Even more embarrassing is misidentifying a thickened salt section as an Onondaga reef, which has happened on several occasions in New York and Pennsylvania. Since seismic reflectors are usually a composite of several acoustic impedance contrasts which can change over relatively short distances, it is always in our best interests to compare surface seismic data to synthetic seismograms.

These can be made from sonic logs; synthetic sonic logs constructed from gamma, neutron, and density logs; or corridor stacks from upgoing vertical seismic profile wavefields.

Many seismic prospects have ended in failure due to unrestrained interpretation scenarios which were not internally consistent or geologically reasonable. For instance, by integrating known geologic structural styles, gravity maps, magnetic maps, and well log data, certain stratigraphic and structural restrictions will be evident. By interpreting the entire seismic section, instead of a single horizon, the cause and effect relationships existing between the deep and shallow section will put additional constraints on the interpretation (Fig. 4).

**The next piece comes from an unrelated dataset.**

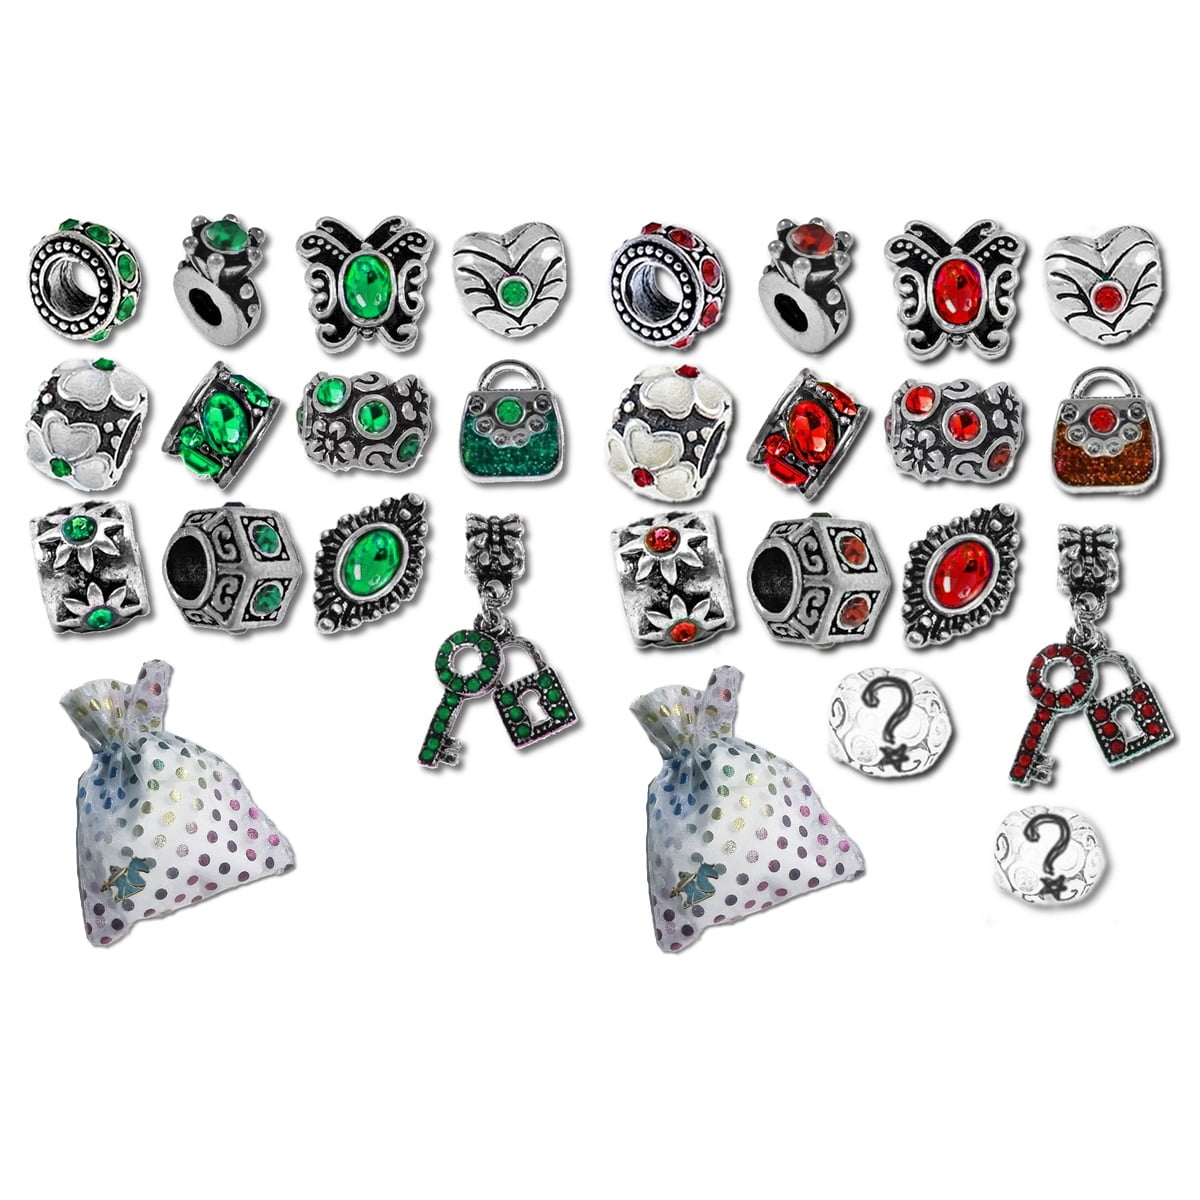 Valentine Beads and Charms for Pandora Charm Bracelets, Red and

With complex structural settings, seismic sections should be checked to see if bedlengths are consistent from one horizon to another horizon.

For example, within the large salt cored anticlines of the Allegheny Plateau, the Onondaga limestone is sometimes more complexly folded and faulted than the overlying Tully Limestone. The interpretation is especially difficult if the Onondaga is stacked. Ensuring total bedlengths for the Tully and Onondaga are approximately equal from syncline to syncline will reduce the possible interpretations.

With few of us being experts in all phases of oil and gas exploration, a synergetic approach that integrates geology, geophysics, and engineering will always enhance our exploration success rate.

REFERENCE

  1. Denham, L.R., "Line Length, The Neglected Parameter," Geophysics: The Leading Edge of Exploration, August 1984.